Oui, même en vacances, au bord de la plage, toujours une pensée pour la généalogie. Nous sommes partis en Gironde cette année (sans aucune arrière-pensée généalogique à la base ;-)), et ce fut l'occasion au final de nous rendre dans la mairie de la ville de décès du grand-père de ma femme, afin de récupérer cet acte. Et également de passer devant sa dernière demeure...

Et vous ? Avez-vous profité des vos vacances pour avancer dans vos recherches ?

vendredi 28 juin 2013

#geneatheme Alliance et mariages croisés

Mes voyages récents en mairie, en plus de combler les vides manquants sur les AD91 en ligne, m'ont donné l'occasion de mettre la main sur certains actes intéressants. Notamment cet acte, dans la commune de Boigneville, en date du 14 novembre 1707.

Deux beaux mariages croisés, entre le frère et la soeur Dezerville (Charles André et Marguerite) et la soeur et le frère Poitou (Catherine et Charles). Deux familles désormais fortement alliées entre elles.

Le mariage Charles Dezerville / Catherine Poitou sera cependant plus fécond, l'autre branche s'éteignant a priori à la génération suivante.

Archives municipales de Boigneville

"Le quatorze novembre mil sept cent sept ont
esté mariés en face de notre mère la sainte eglise les
fiançailles estants faites le jour précédent et
après la publication des trois bans sans qu'il se
soit trouvé aucun empeschement Charles André
Dezerville fils de deffunct Paul Dezerville et
deffuncte Jacqueline Guiet ses pere et mere
et Catherine Poytou fille de Jean Poytou et de
deffuncte Catherine Tiercelin ses pere et mere
Et ont este maries a la meme messe les
ceremonies cy dessus estant faites Charles Poytou
fils de Jean Poytou et de deffuncte Catherine
Tiercelin ses pere et mere
et Marguerite Dezerville fille de deffunct Paul
Dezerville et de deffuncte Jacqueline Guyet ses pere
et mere en presence de Jean Poytou d'Estienne
Guiet François Lestau"

vendredi 21 juin 2013

Jusqu'à ce que la mort ne nous sépare pas

En continuant mes explorations de registres, je suis tombé sur cet acte, qui m'a beaucoup touché.
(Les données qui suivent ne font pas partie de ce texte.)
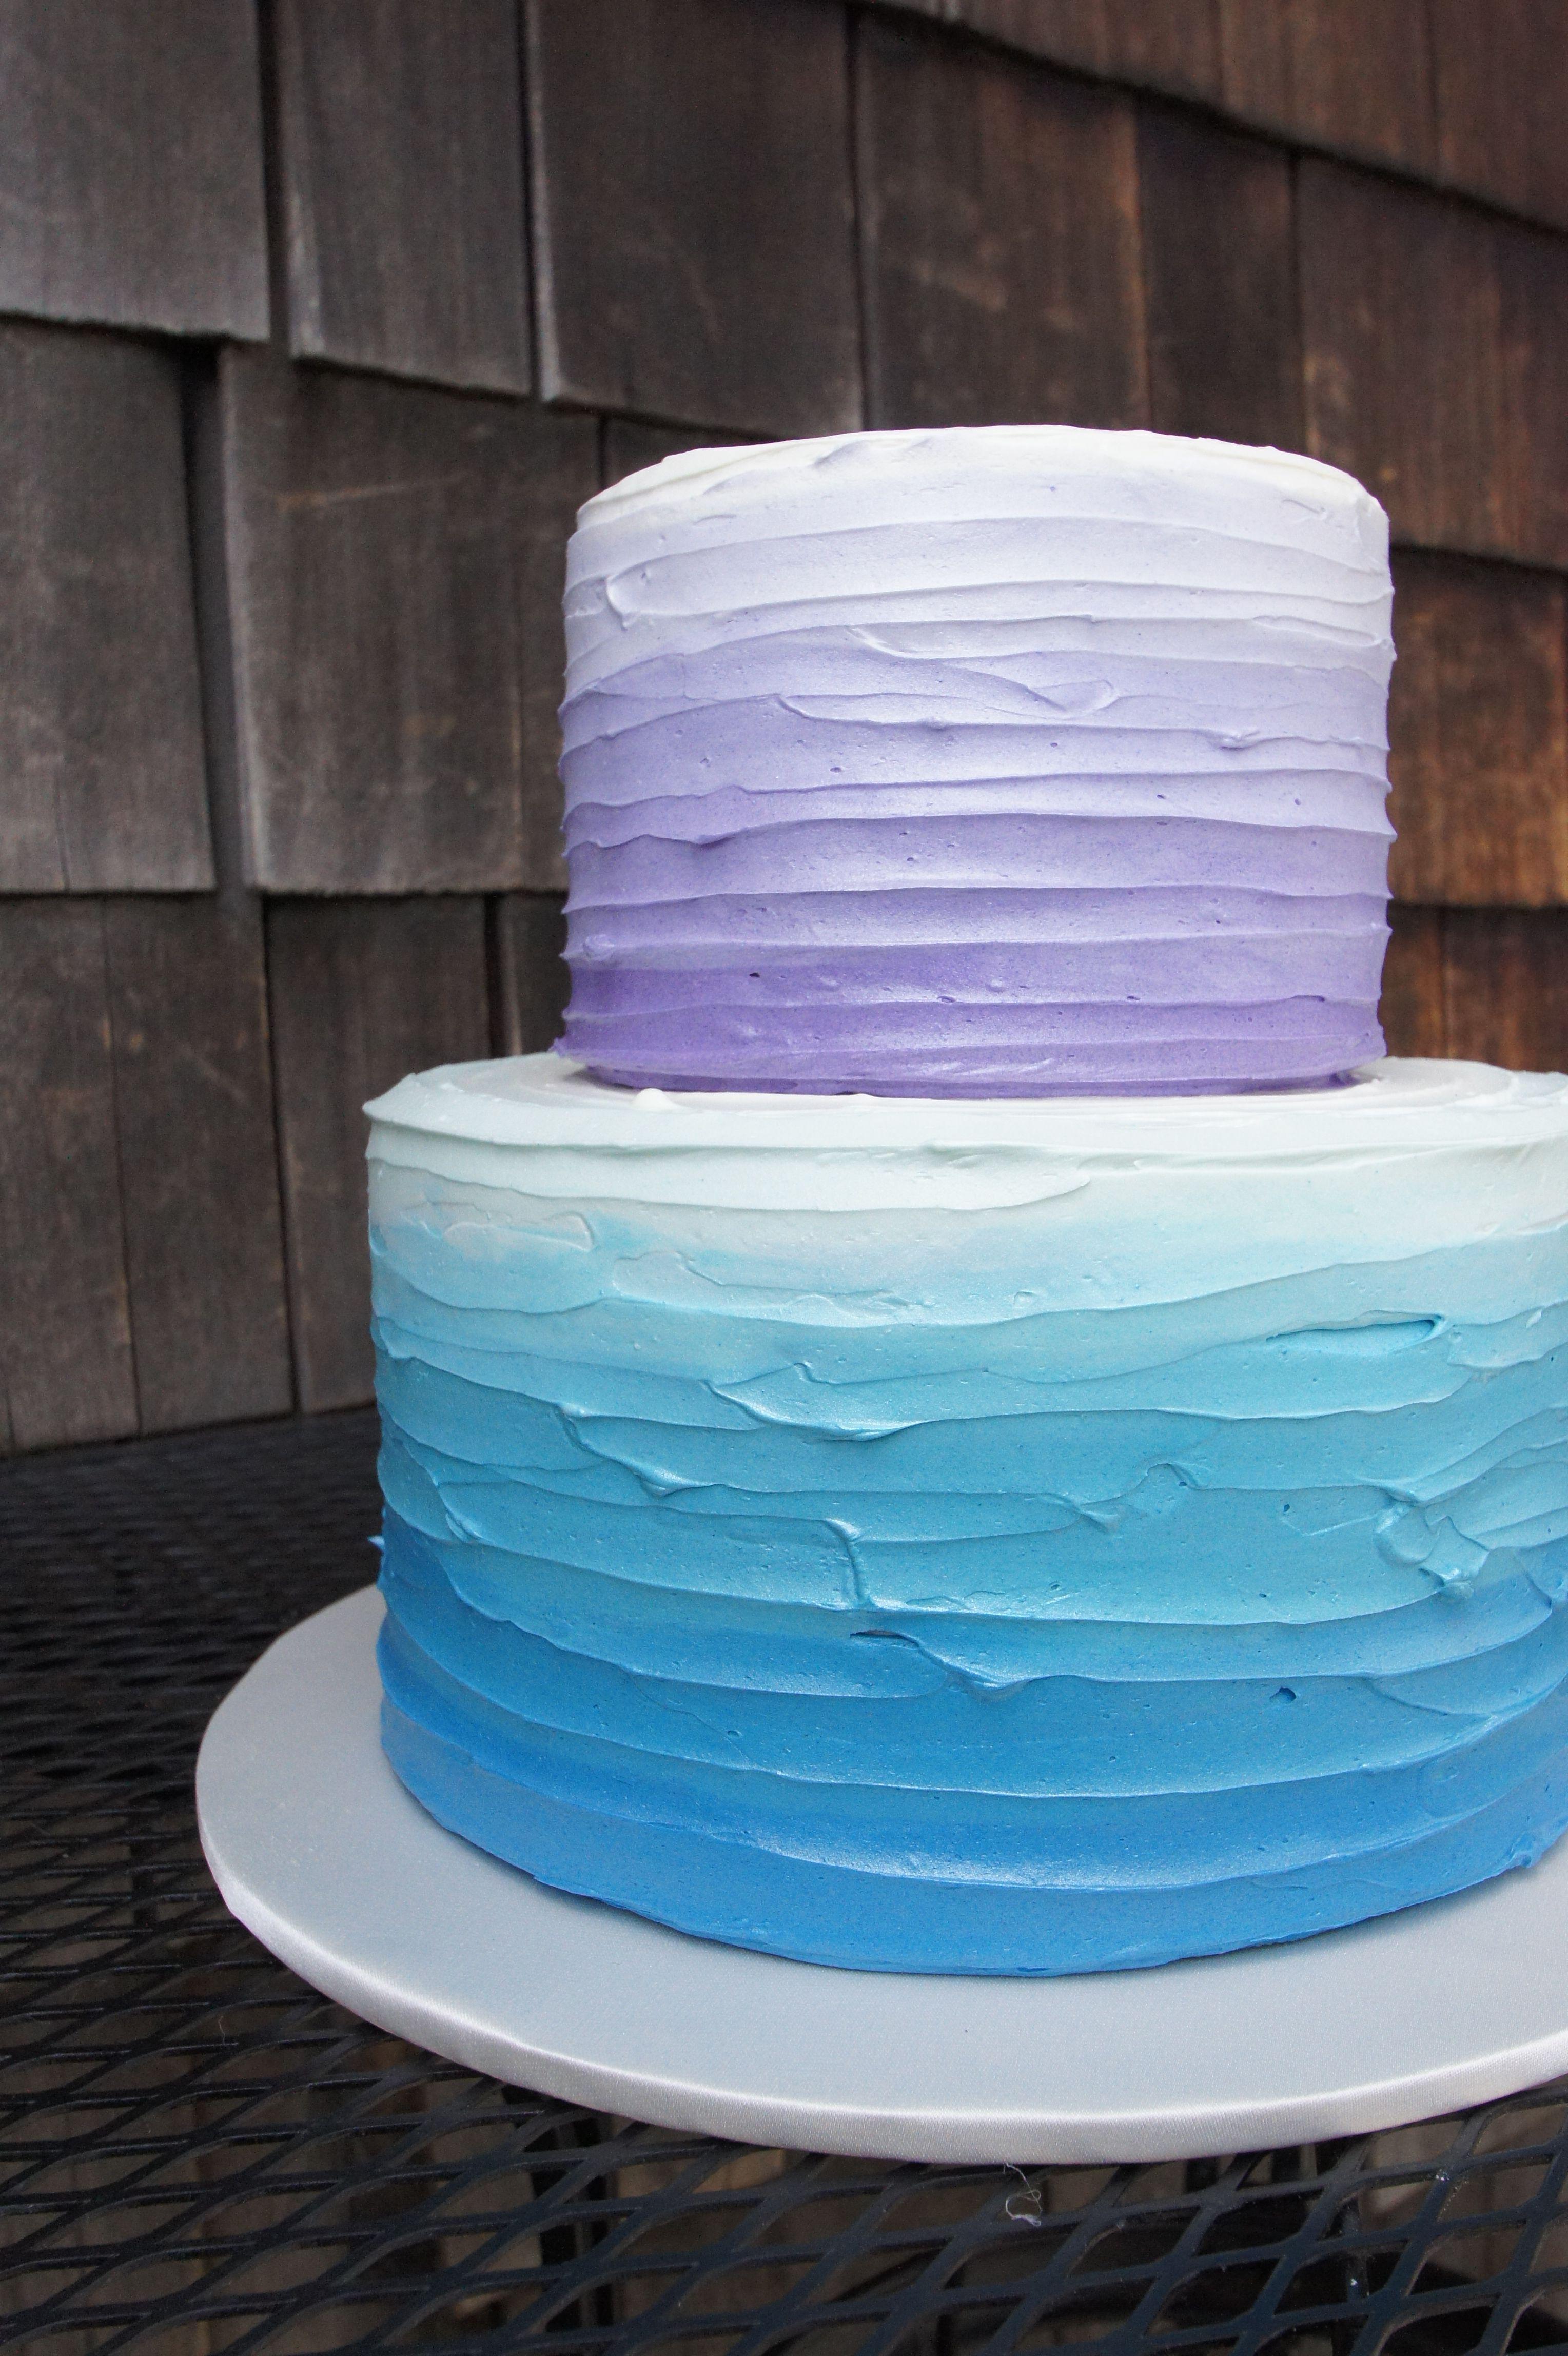 Purple icing texture photo

J'avais déjà rencontré des époux/épouses inhumés peu de temps l'un après l'autre, mais inhumés en même temps, c'est la première fois. Sont-ils morts ensemble ? A un jour d'écart et inhumés ensemble ? On ne le saura certainement jamais...
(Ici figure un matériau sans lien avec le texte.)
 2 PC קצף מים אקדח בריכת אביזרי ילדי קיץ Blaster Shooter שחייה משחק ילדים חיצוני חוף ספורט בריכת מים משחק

AD91 en ligne - Gironville-sur-Essonne - 4E_1582 pp 138

"Le premier avril mile sept cent quante six furent inhumés dans le cimetière de la paroisse les corps de Marin Reveillé agé environ quarate quatre ans (manoeuvre ?), et Marie Pigneau sa femme âgée de quarante trois ans qui avant mourir ont resu tous leurs sacremens sepultures faites en presence de Marie Godard sa mere de Jean Reveille son frere, de Pierre Pigneau frere de la deffunte, de Pierre Broust beau frere et plusieurs autres parens et amis"

mardi 4 juin 2013

Un curé assassiné

Je continue mes voyages au coeur des archives de la commune de Gironville-sur-Essonne (91). Je suis en train de traiter les photos que j'ai prises vendredi dernier en mairie des registres manquants en ligne. Et je suis tombé sur cet acte.
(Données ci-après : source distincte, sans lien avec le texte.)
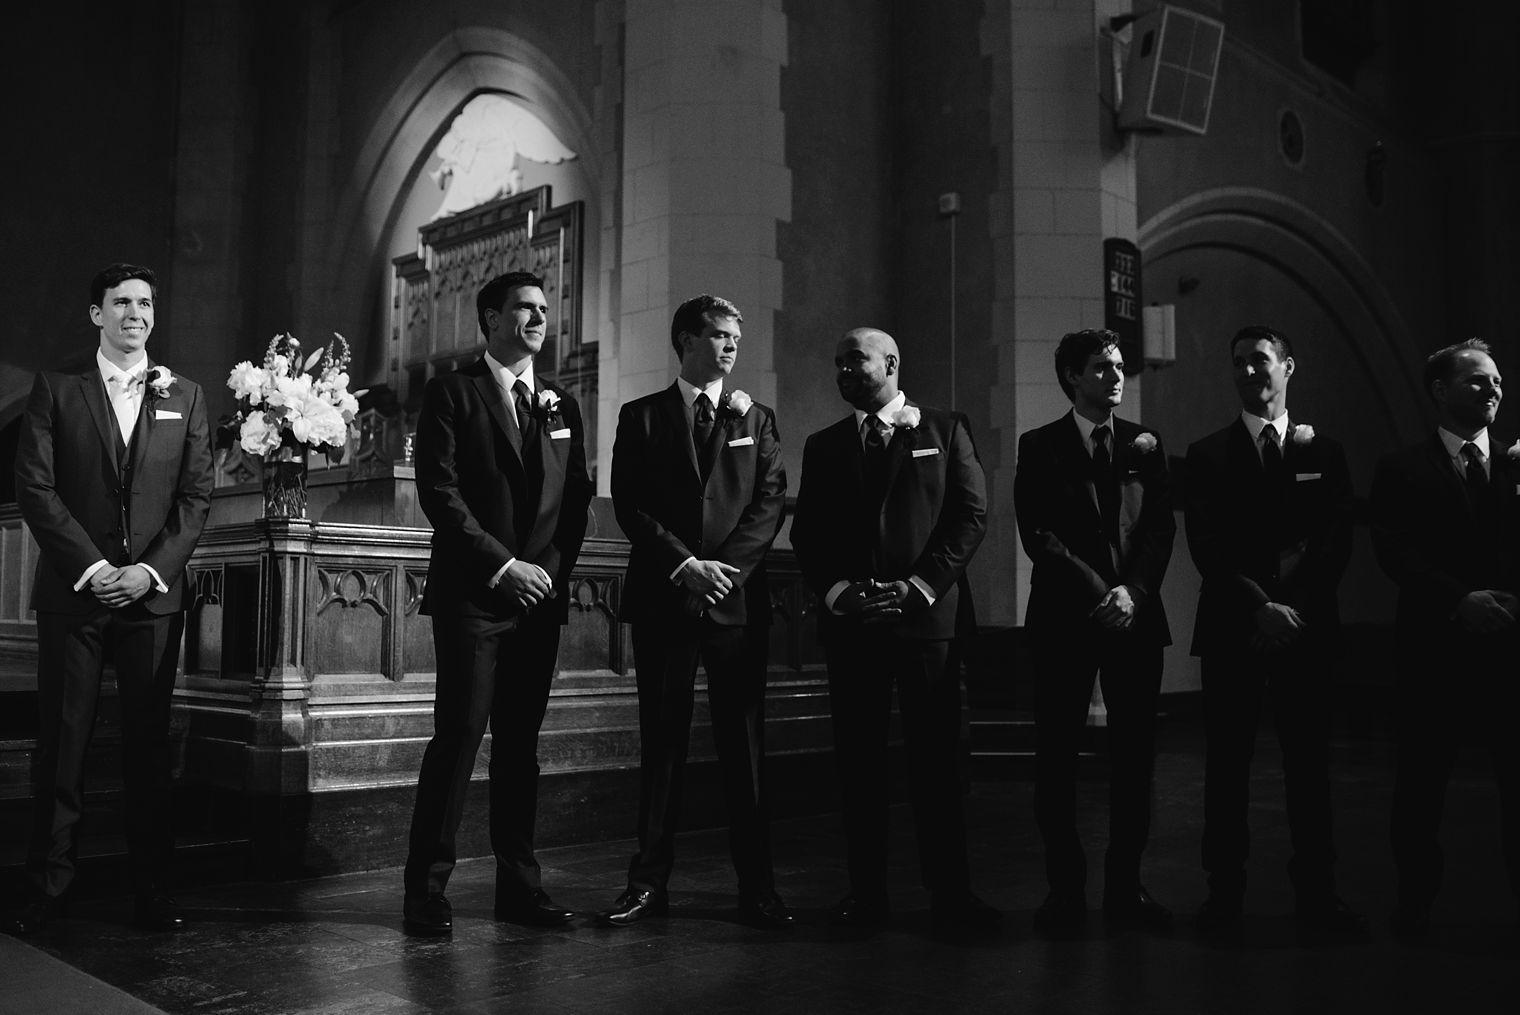 groomsmen waiting during wedding ceremony

Archives Municipales de Gironville-sur-Essonne

"L'an 1713 le vingt quatre janvier au dit an a été par moy prêtre desservant sousigné inhumé dans le cimetière de cette paroisse le corps de Messire Ambroise Grimault de Maupas en son vivant prêtre et curé de Golainville doyenné d'Etampes, agé de cinquante cinq ans, lequel s'est trouvé le vingt deux du présent mois et an assassiné sur le territoire de cette paroisse et après avoir levé son dit corps en présence de plusieurs habitants de cette dite paroisse qui m'avoient averty de sa mort et ce en présence de maître Robert Charles le Cauchois prêtre curé de Notre Dame de Maisse, de Charles Quatrehomme ancien habitant, Etienne Petit, Médard Bluet sonneur et de Barthelemy Leloup marguillier dont les uns ont signé les autres non, et après l'ouverture du corps dudit Sieur Grimault de Maupas qui en a été faite le vingt trois du présent mois et an par Charlost le jeune chirurgien de Milly et un autre chirurgien dudit Milly et de Marchand medecin audit lieu à la requeste de m Allaire procureur fiscal dudit lieu."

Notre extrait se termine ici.